Problems to consider • Large proportion of missing values - use several ‘predictive’ data files for the imputation. • Small number of ‘predictive’ variables. • If the ‘imputationist’ and analyst are not the same person, the analyst may be interested in relationships unaccounted by the imputation model. • Imputation is done between different data sets - the major departure from the usual practice of the MI procedures.

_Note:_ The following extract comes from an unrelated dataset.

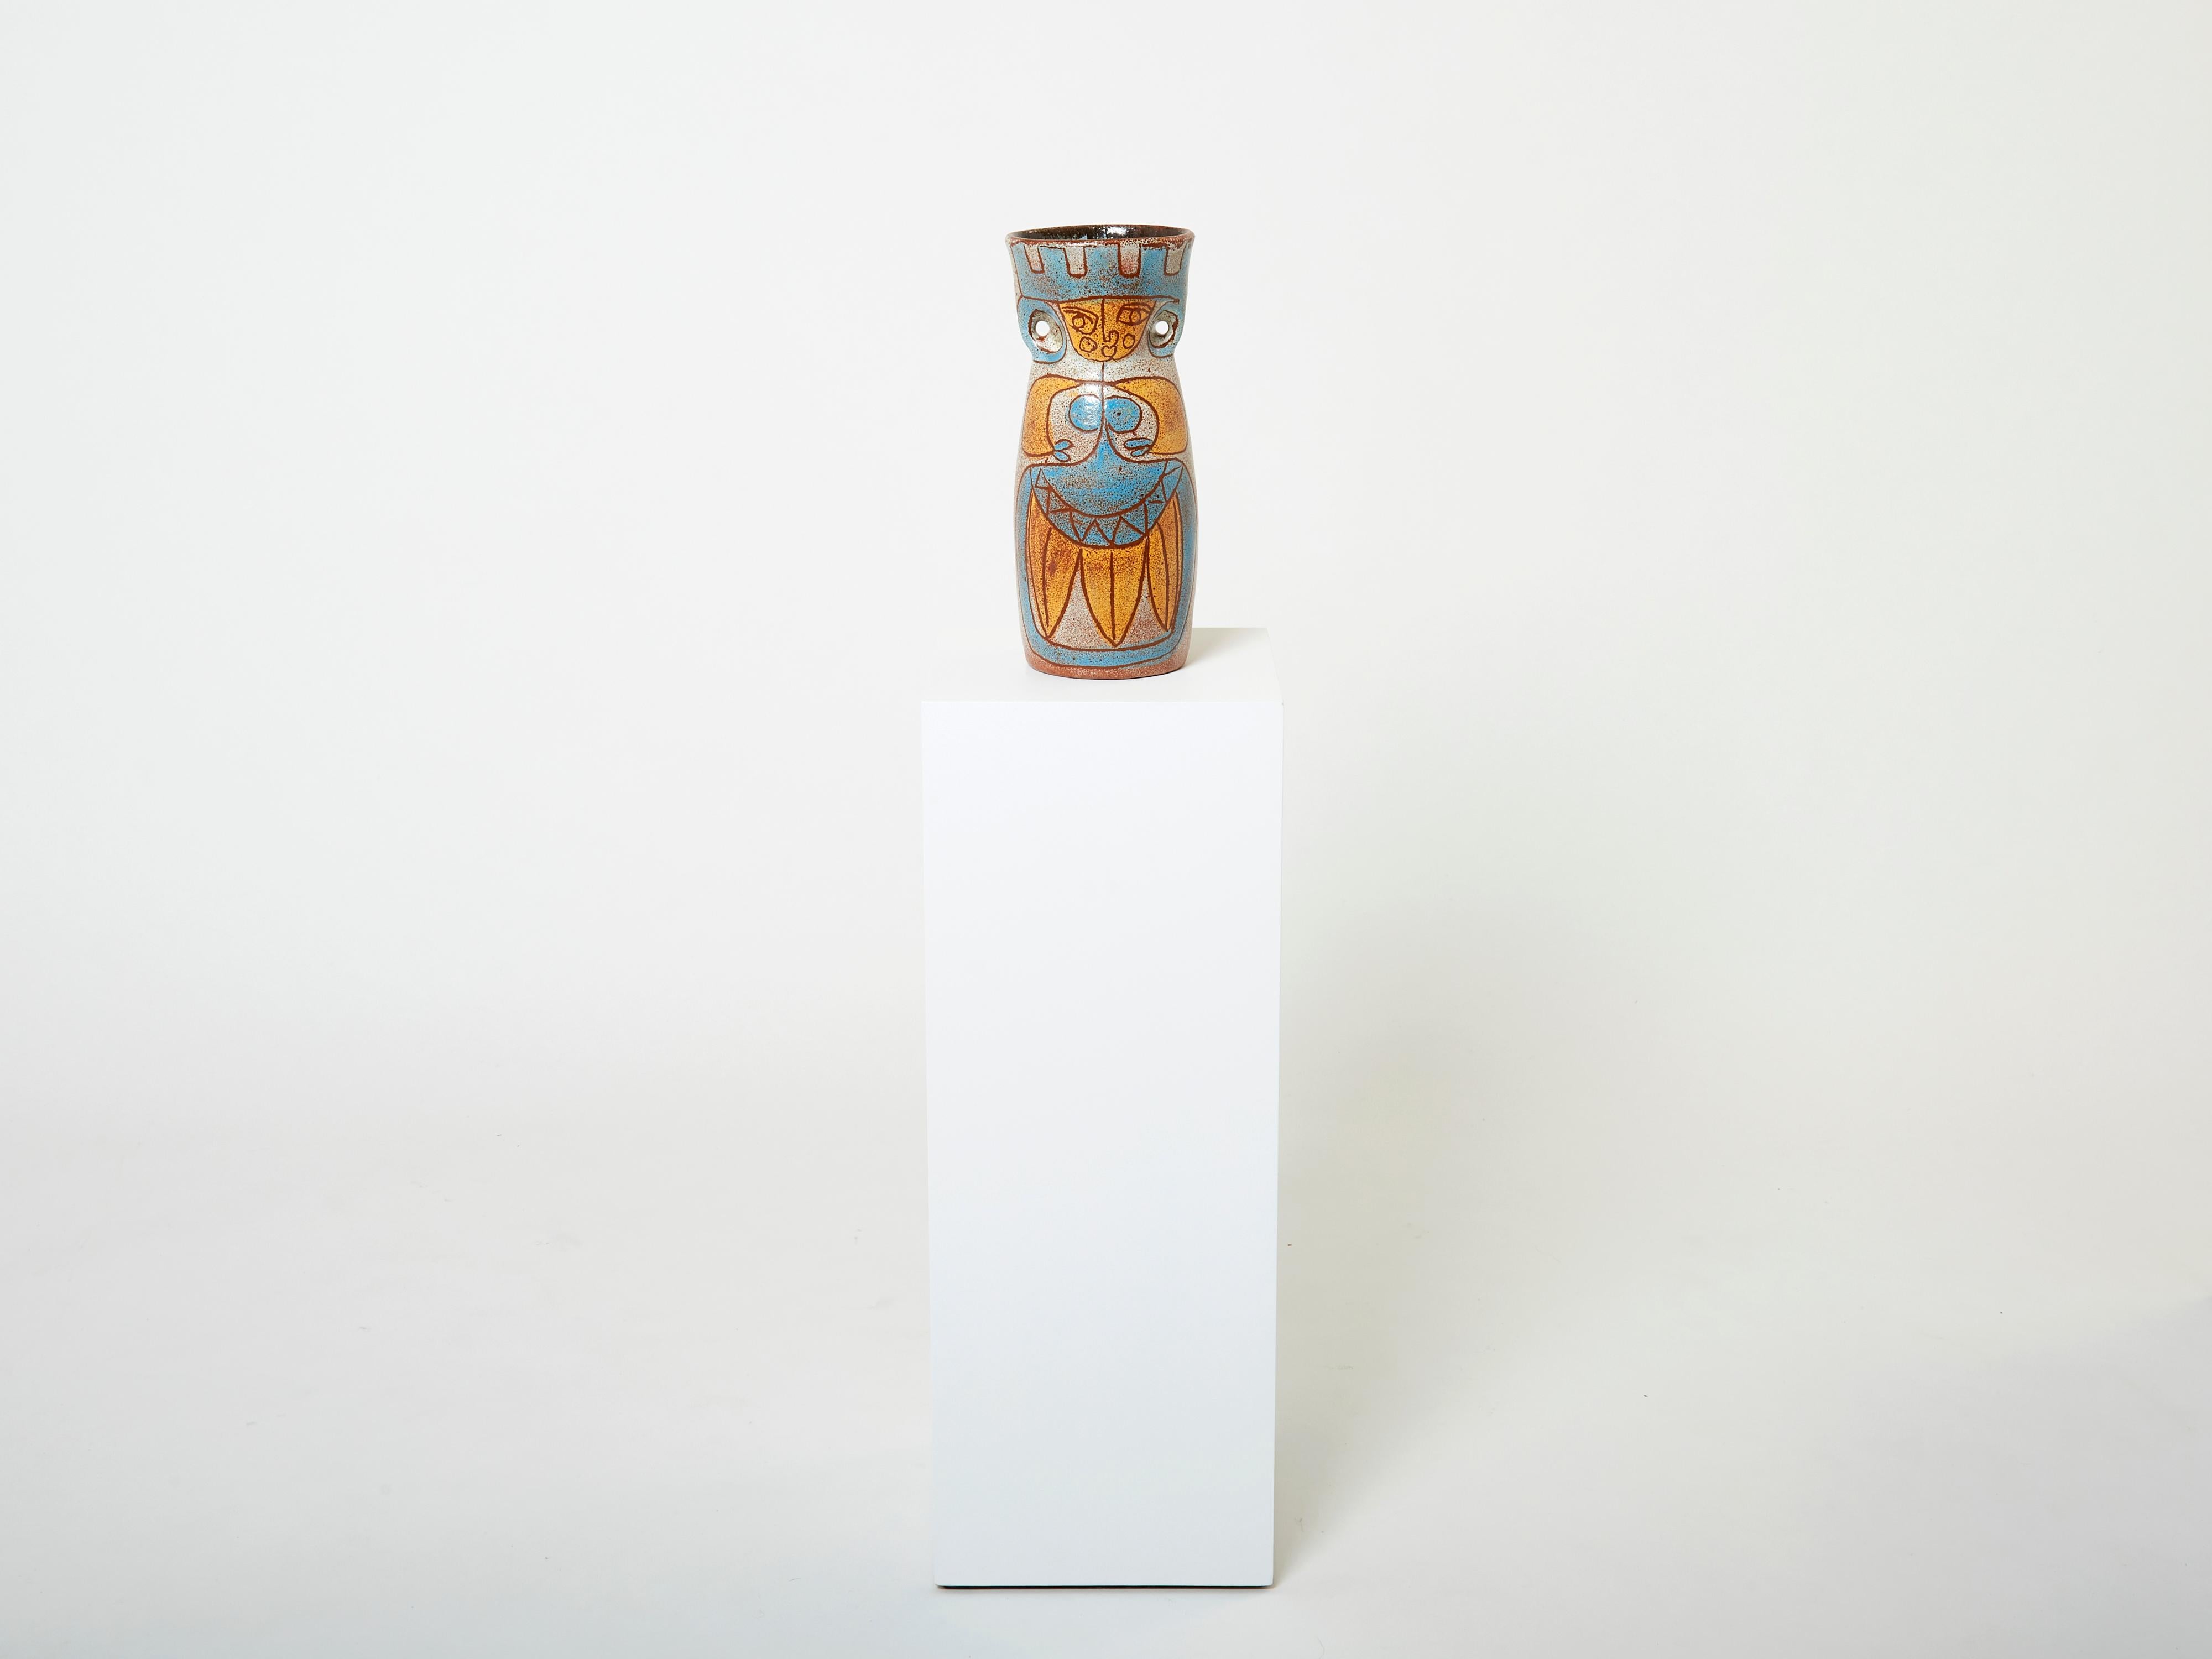 Ce rare vase à oreilles en céramique émaillée d'Accolay faisait partie de la collection Maya fabriquée dans les années 1950 par Les potiers d'Accolay. Il a une présence merveilleuse et sera beau dans n'importe quel espace. Signé, et en excellent
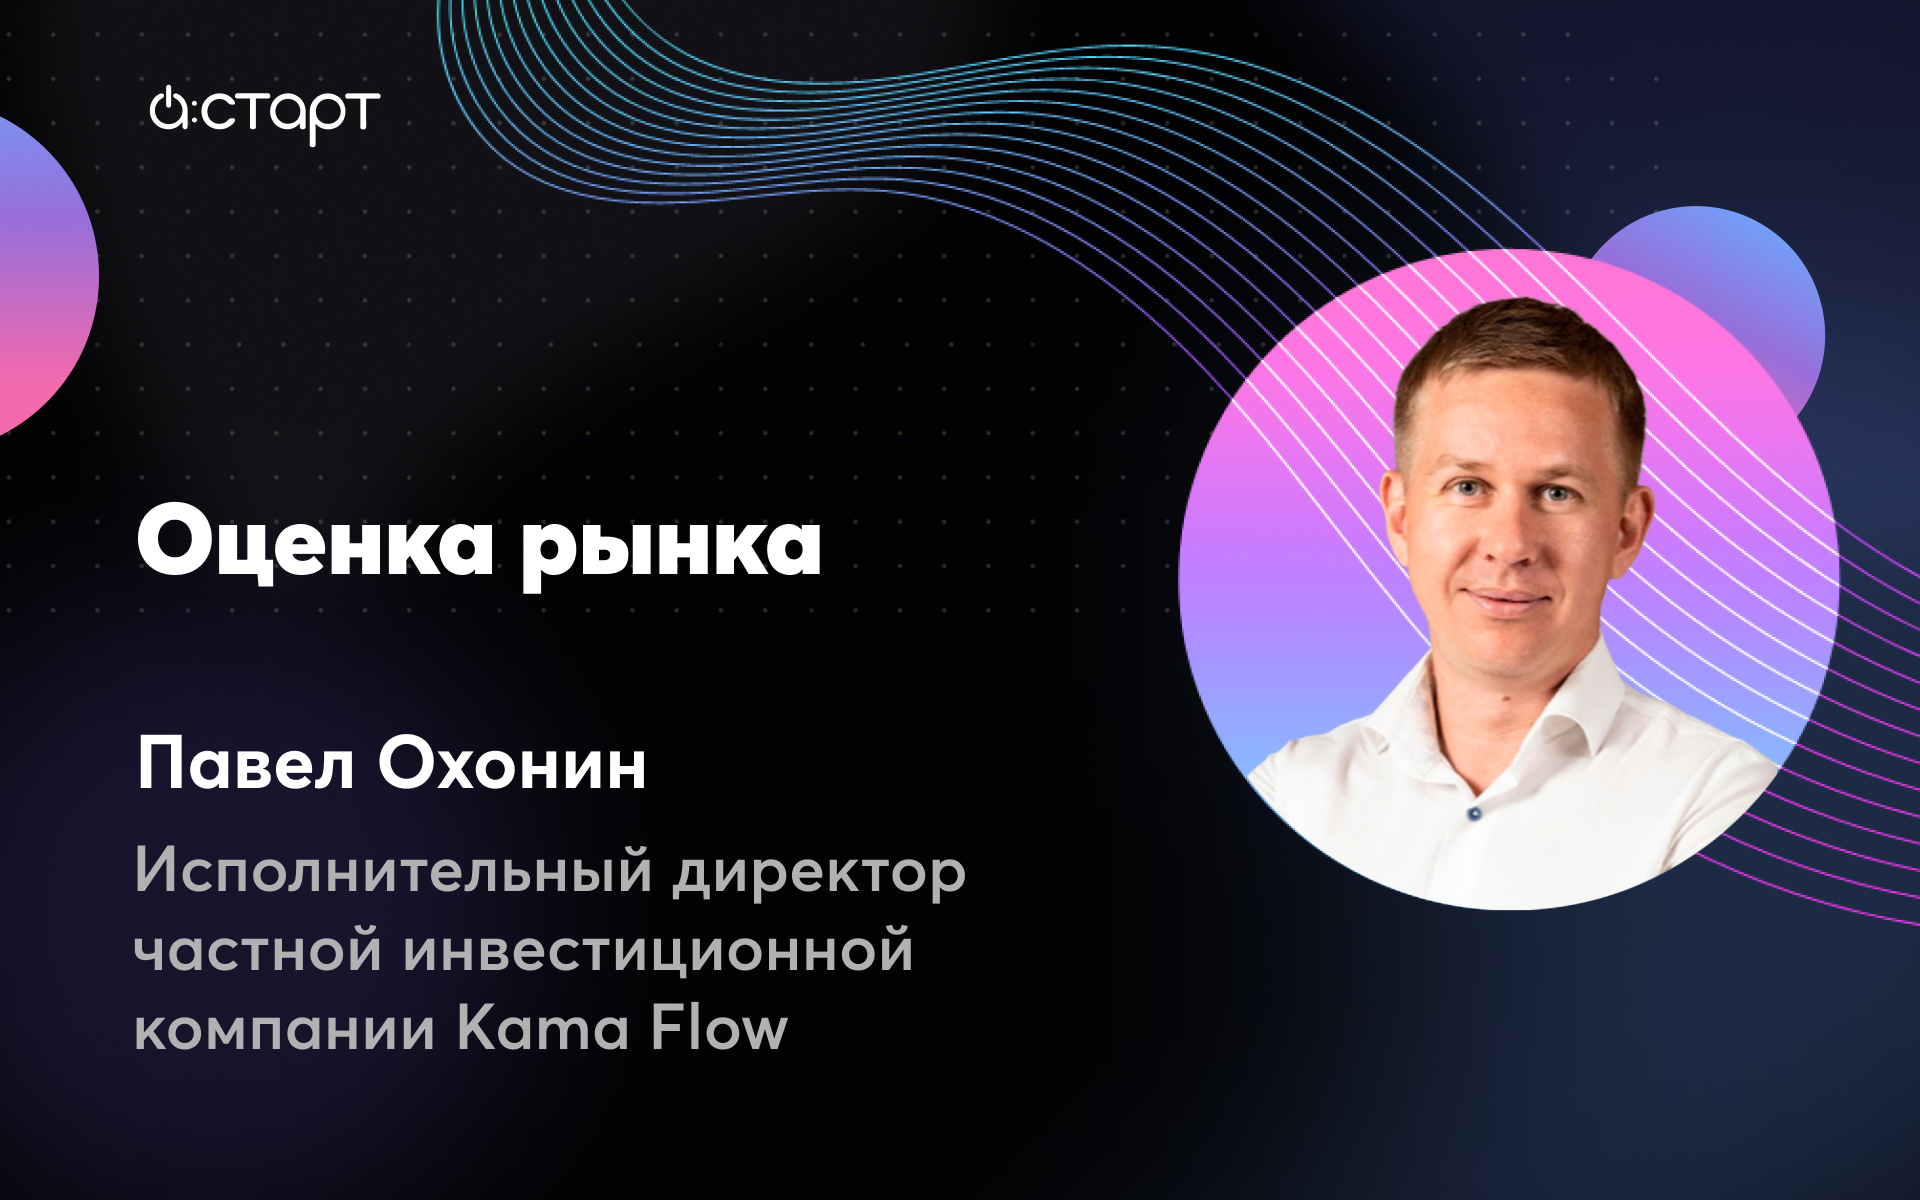 Оценка рынка - Павел Охонин (Исполнительный директор частной инвестиционной компании Kama Flow)

Conclusion • The imputed variable strongly correlates with the ‘real’ responses (r is around .40, without correction for attenuation). • Multivariate model, using the variables from the prediction model, showed very close results if one used the imputed or original variables. • Univariate relationships with a broad set of attitudinal variables showed that by using imputed variable one is in danger of wrongly supporting the null-hypothesis, and underestimating the strength of the relationships. • The proposed method seems applicable especially in pilot-studies, and in studies using multiple surveys where particular questions are omitted from some studies. • Transfer of data between different sources through MI approach seems to be a reasonable alternative to aggregation.
“With our without missing data, the goal of a statistical procedure should be to make valid and efficient inferences about a population of interest – not to estimate, predict, or recover missing observations not to obtain the same results that we would have seen with complete data.” Schafer & Graham 2002, p. 149.